The Torah portion for this week is called Ki Tavo, from the book of Deuteronomy. Ezra the Scribe, living in the time of the Second Temple (5th century BCE), ordained, according to the Talmud, that the blessings and curses recorded in this week’s Torah portion be read before Rosh Hashanah. He also taught that the blessings and curses recorded in Leviticus be read prior to the celebration of Shavuot.
There are at least three possible answers as to why Ezra wanted us to focus our attention on the lists of blessings and curses in this season. Rosh Hashanah and Yom Kippur mark a time in our calendar when we are doing Cheshbon HaNefesh, an accounting of our souls. It makes sense that we should think about following the instructions of Torah and how good behavior can lead to reward and bad behavior leads to punishment. Blessing and curse follow from observing the commandments or disdaining them, a reminder of the work we need to do.

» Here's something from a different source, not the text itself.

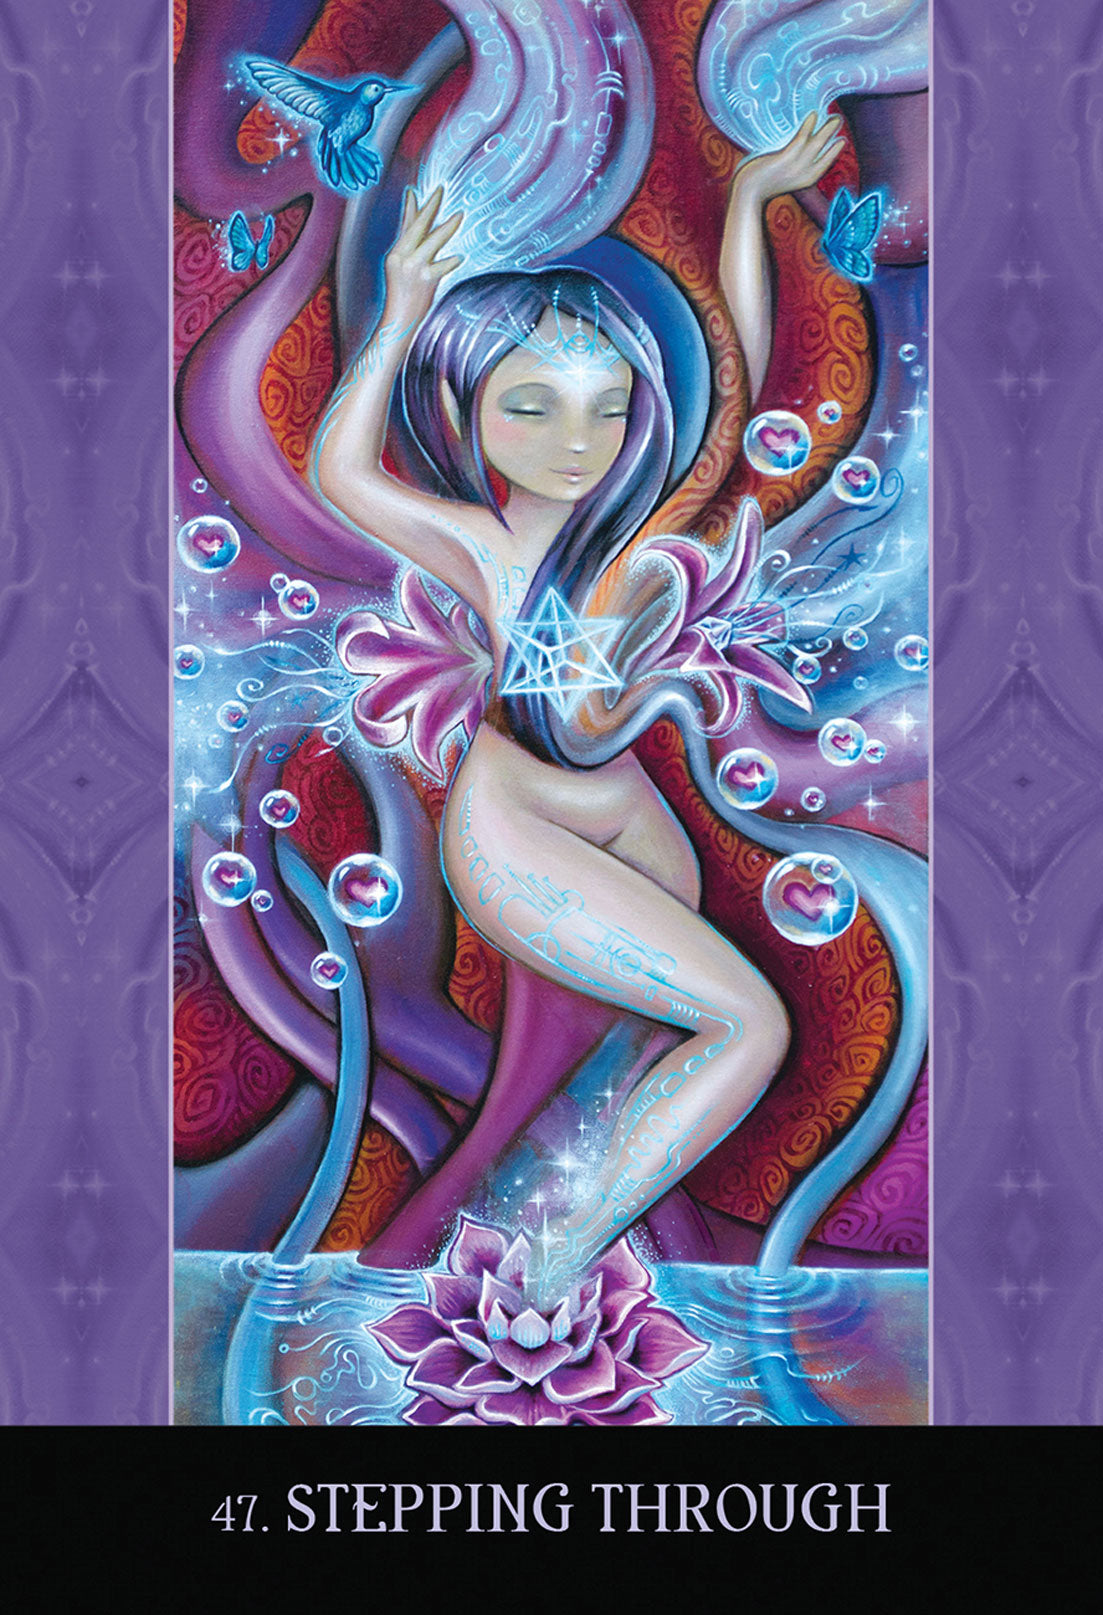 card labeled "stepping through." card depicts a nude woman with her hair covering her breasts walking through a body of water and pushing through flowering vines. She is standing on a lotus flower.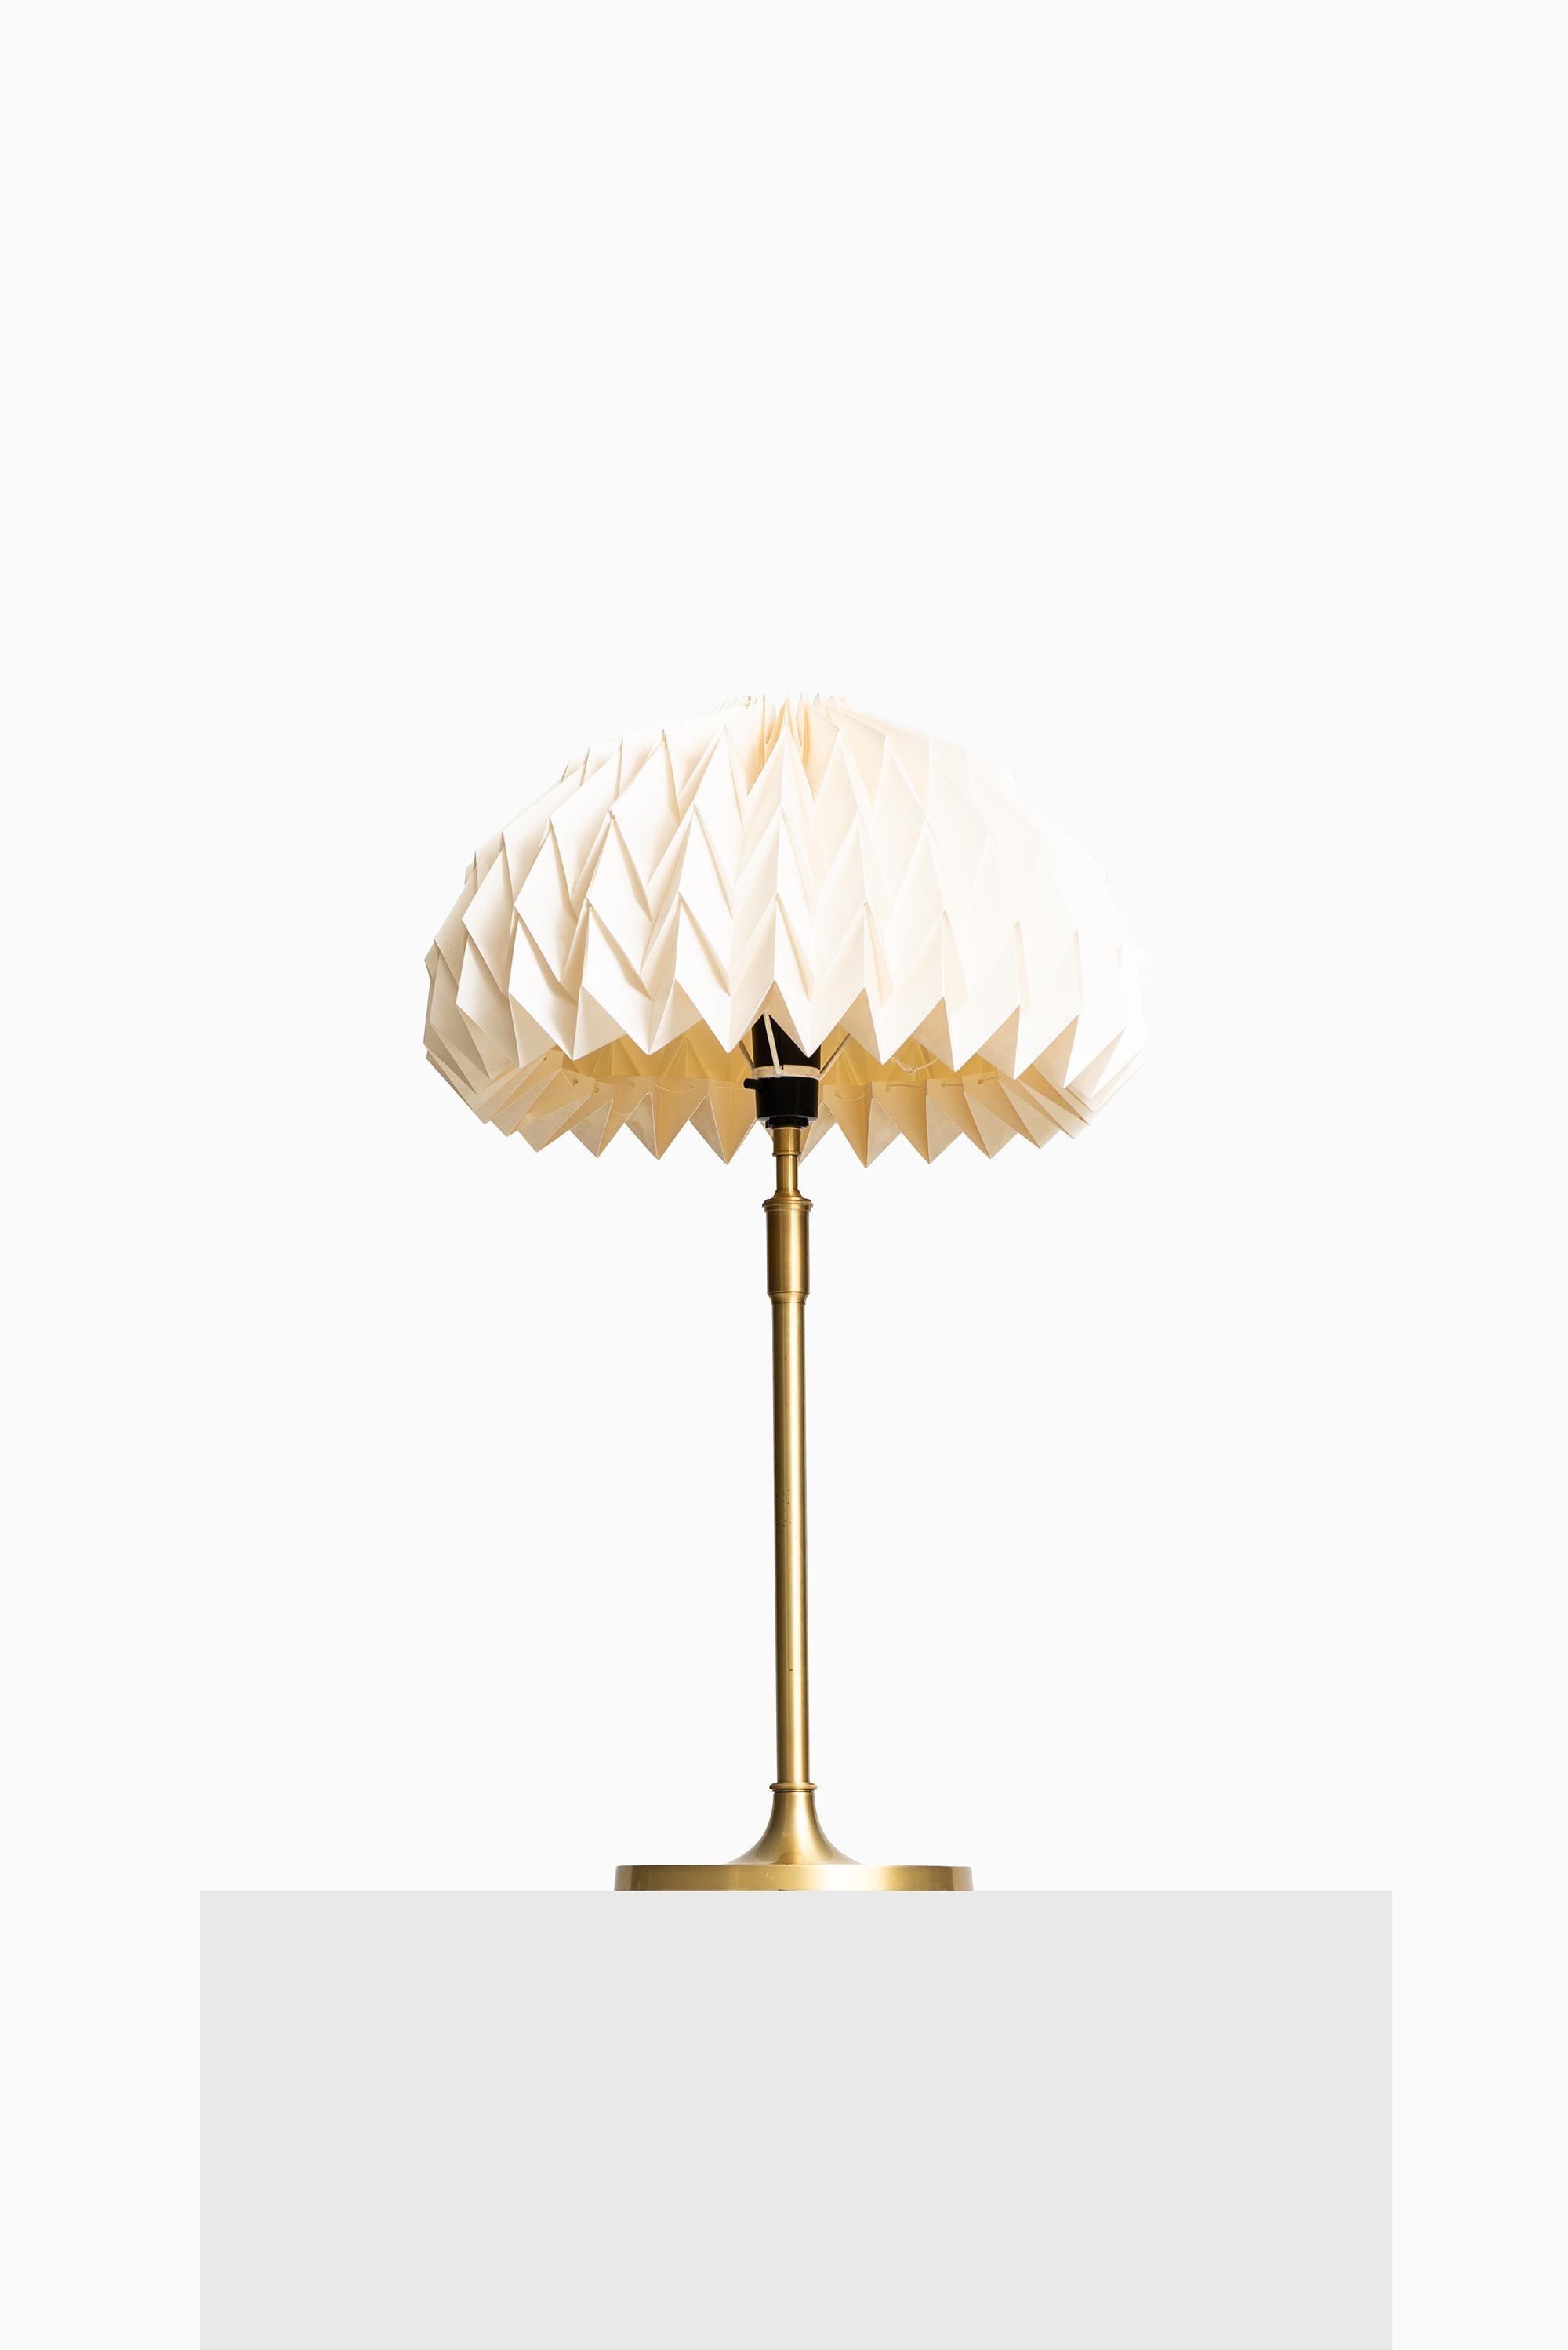 Rare pair of height adjustable table lamps model 307 designed by Esben Klint. Produced by Le Klint in Denmark.

But there is more to be learned from Ezra’s teaching. In the Talmud the sage Abaye suggests another approach. We read about the blessings and curses for another purpose. Abaye said that we reflect on the curses with the hope that they will now be in the past. We have the opportunity to begin the New Year with a clean slate. The curses of the past remain in the past and we work in the new year to help ensure that this will be true.
The third response comes from the 11th Century scholar, Moses Maimonides, also known by the Hebrew acronym, Rambam. Rambam looks to both parts of Ezra’s instruction: to read the blessings and curses in Leviticus before Shavuot and from Deuteronomy before Rosh Hashanah. He says that this is actually a mitzvah, an obligation commanded by God. Prior to entering the Promised Land, the Talmud explains, the Children of Israel as a whole were only held accountable as a group for public misdeeds of individuals. But, as the nation prepared to enter the land, crossing the Jordan, something changed, and they were now accountable as a community for the private misdeeds of individuals (BT Sanhedrin 43b). The command, according to Rambam, is to recognize our interconnectedness. The mitzvah in these verses is the mitzvah of arevut, seeing a profound sense of interconnectedness of the Jewish people. We are each the “guarantor,” arev, of each other and collectively experience the blessings and curses of Ki Tavo. The Torah is saying we are in this project of living together; a community of meaningful connection.
I imagine that Ezra would have us bring together all three responses. Yes, we must reflect on the past year and acknowledge the blessings and the curses we have brought upon ourselves as individuals with the choices we have made. Yes, we hope that we can make a clean break from the curses of the past year and start with a clean slate in 5780. Yes, we must fulfill the mitzvah of arevut and recognize that we are all responsible for one another. We can create and be a community of meaningful connection. As we gather for High Holiday worship, may our personal and communal work be fulfilling, meaningful, and transformational.